To solve the problem, we need to calculate the angular position of the 9th maximum in a double-slit interference pattern. We'll use the formula for the angular position of the maxima:
\[ \theta_n = \frac{n \lambda}{d} \]
where:
- \( \theta_n \) is the angular position of the nth maximum.
- \( n \) is the order of the maximum (for the 9th maximum, \( n = 9 \)).
- \( \lambda \) is the wavelength of the light.
- \( d \) is the distance between the slits.
Given:
- \( \lambda = 6000 \) Å = \( 6000 \times 10^{-10} \) m
- \( d = 0.1 \) cm = \( 0.1 \times 10^{-2} \) m = \( 1 \times 10^{-3} \) m
- \( n = 9 \)
Now, we can substitute these values into the formula:
\[ \theta_9 = \frac{9 \times 6000 \times 10^{-10} \text{ m}}{1 \times 10^{-3} \text{ m}} \]

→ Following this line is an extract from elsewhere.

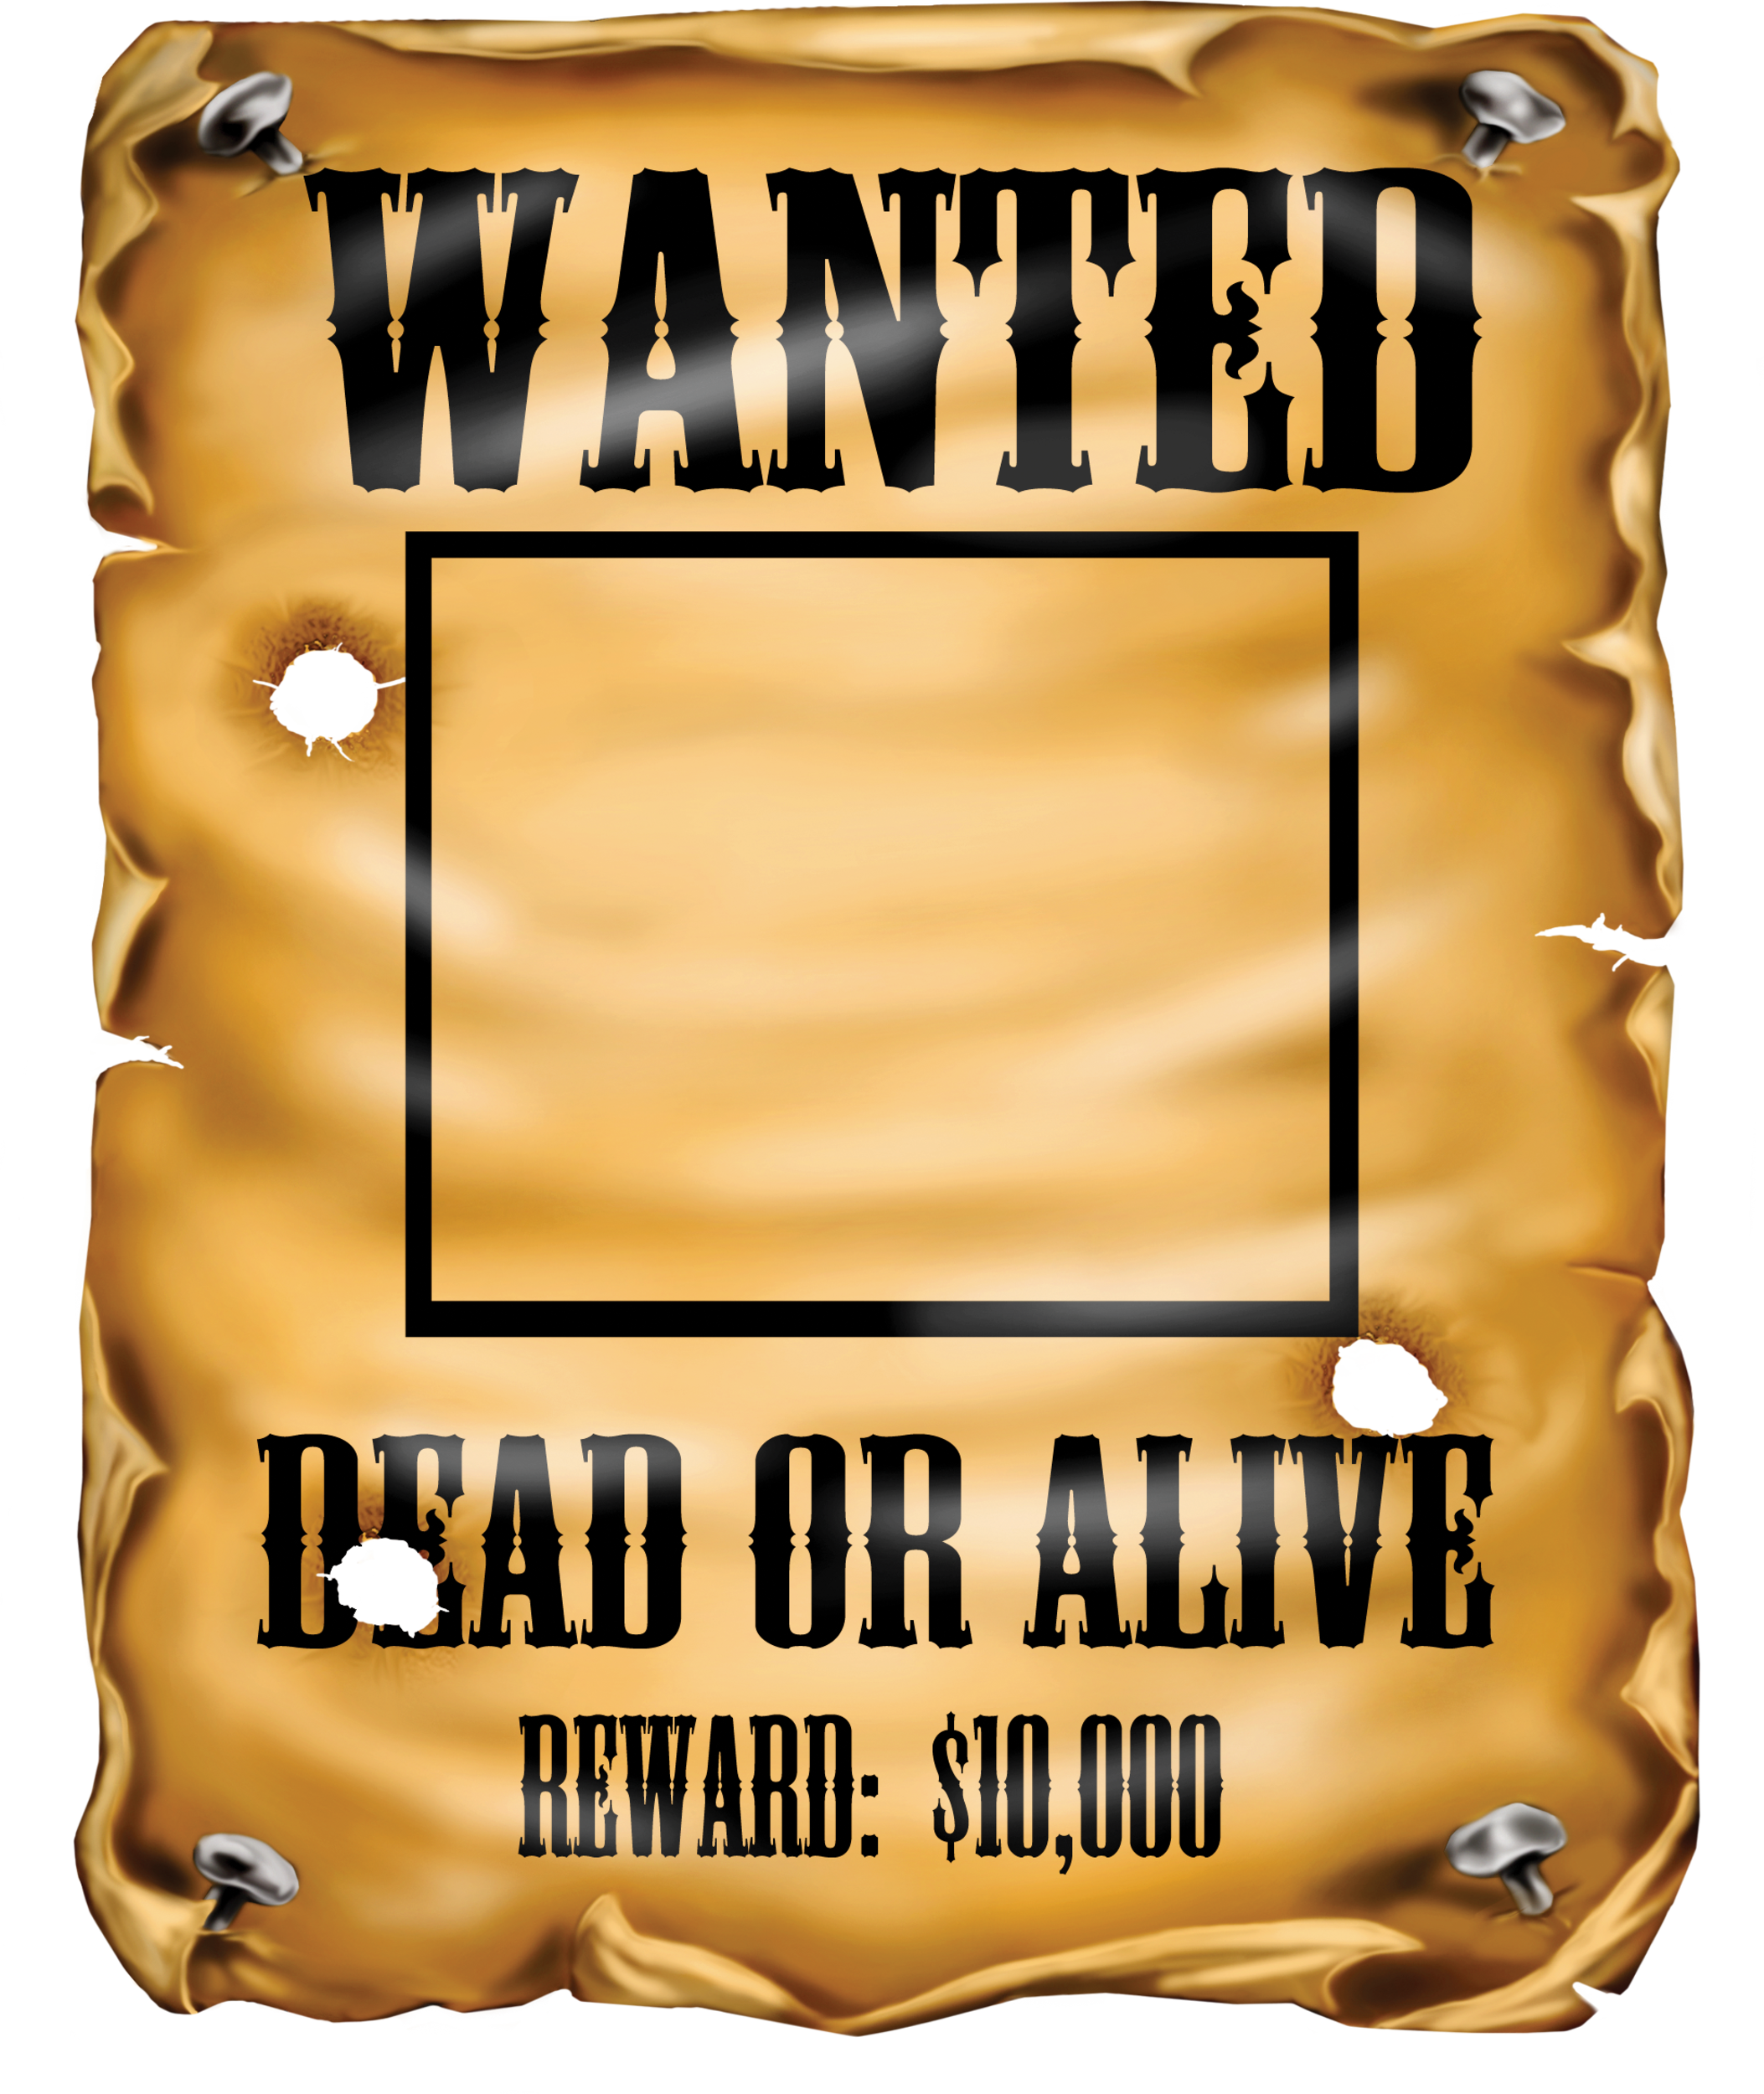 wanted poster on Pinterest .

\[ \theta_9 = \frac{9 \times 6000 \times 10^{-10}}{1 \times 10^{-3}} \]
\[ \theta_9 = \frac{54000 \times 10^{-10}}{10^{-3}} \]
\[ \theta_9 = 54000 \times 10^{-7} \]
\[ \theta_9 = 5.4 \times 10^{-3} \text{ radians} \]
So, the angular position of the 9th maximum is \( 5.4 \times 10^{-3} \) radians.